- Fed minutes expected
- American Thanksgiving holiday on Thursday
- Stocks post weak gains globally
- Eurozone economic data point to recession
- China hit by rising COVID-19 infections
LONDON, Nov 23 (Reuters) – Global stocks were little changed on Wednesday as investors kept their eyes peeled for the minutes of a Federal Reserve meeting that could shed light on whether the U.S. central bank was considering moderating interest rate hikes.
The Fed raised rates significantly in an effort to curb rising inflation, and New Zealand central bank previously raised interest rates by a record 75 basis points to 4.25%, a harbinger of more likely hikes from the Federal Reserve, European Central Bank and bank of england next month.
“We expect the Fed to be probably closer to the end of the rate hike cycle than the beginning, certainly since the rate hikes are largely behind them,” said analyst Mike Hewson. Chief Markets Officer at CMC Markets.
“There’s very little interest heading into Thanksgiving weekend, and as a result markets are drifting more on inertia. If you’ve made your money this year, you most likely have,” said said Hewson.
US markets are closed Thursday for Thanksgiving.
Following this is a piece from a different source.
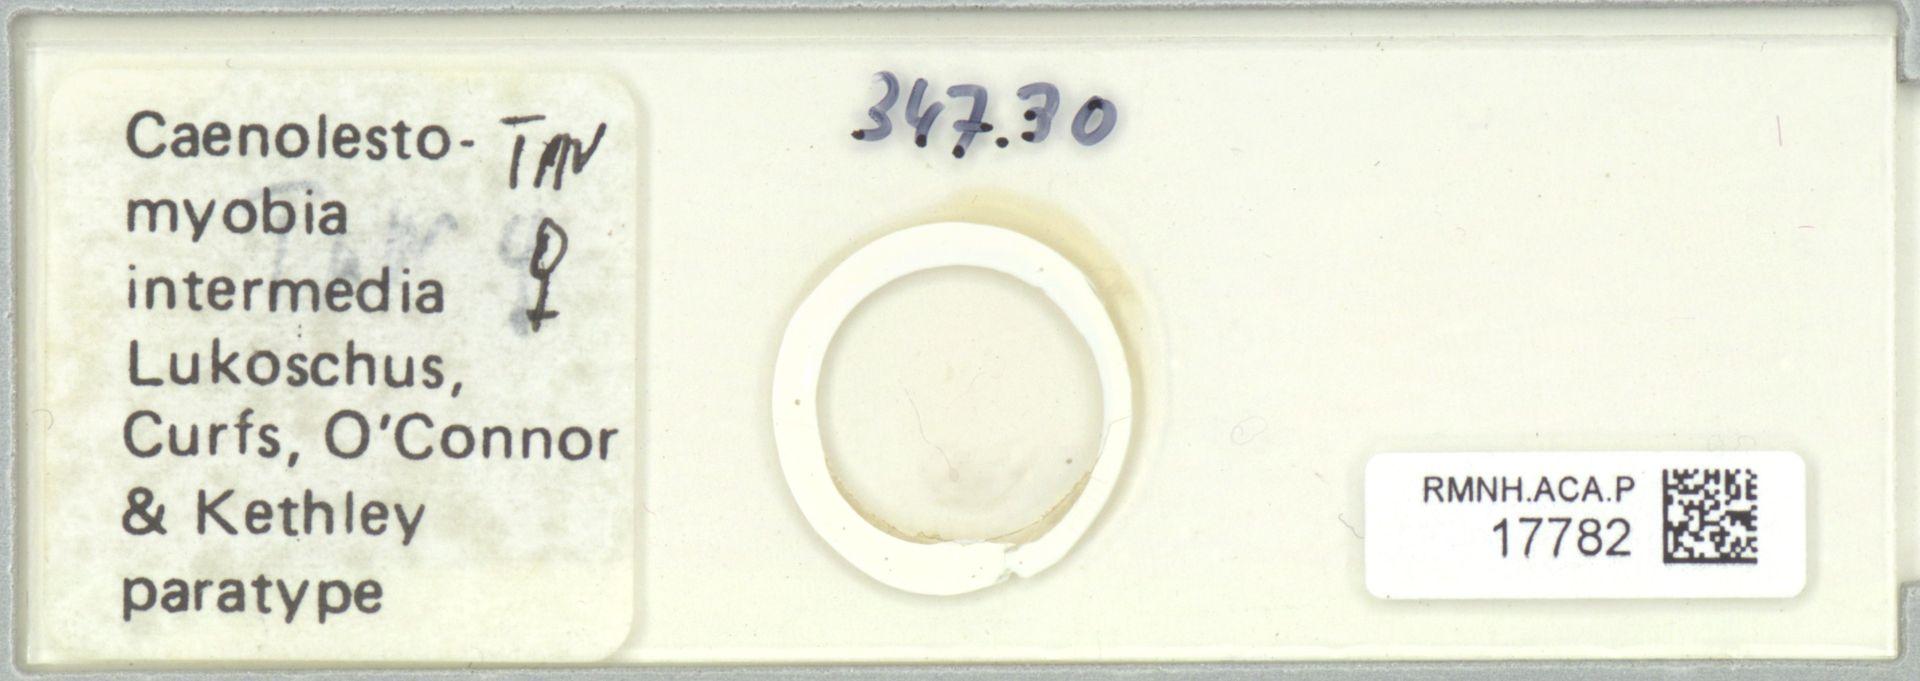 RMNH.ACA.P.17782 | Caenolestomyobia intermedia

Minutes from the Fed’s November meeting are due out on Wednesday.
The MSCI All Country Stock Index (.MIWD00000PUS) rose 0.12%, although it was still down about 18% for the year.
In Europe, the STOXX (.STOXX) the 600-company index rose 0.1%, leaving around 10% for 2022. US stock futures, the S&P 500 e-minis, were slightly firmer.
David Bizer, managing partner at investment manager Global Customized Wealth, said investors were being guided by what they thought the Fed would do next as signs of a slowing U.S. economy grew.
“The overall market appreciation in the fourth quarter is driven by this belief that the Fed is waking up to the fact that the pace and magnitude of its rate hikes could have a near-term conclusion. This gives markets reassurance that this is going to be the end,” Bizer said.
The slowdown of euro area trade activity fell slightly in November, but aggregate demand continued to fall as consumers cut spending amid a crisis in the cost of living, the data showed, adding to evidence that the currency bloc is entering a recession.
In China, the authorities imposed restriction to curb a rapid rise in COVID-19 infections, heightening investor concerns about the world’s second-largest economy.
MSCI’s broadest index of Asia-Pacific stocks outside of Japan (.MIAPJ0000PUS) rose 0.5%, boosted by overnight gains in US equities. The index is up 12% so far this month.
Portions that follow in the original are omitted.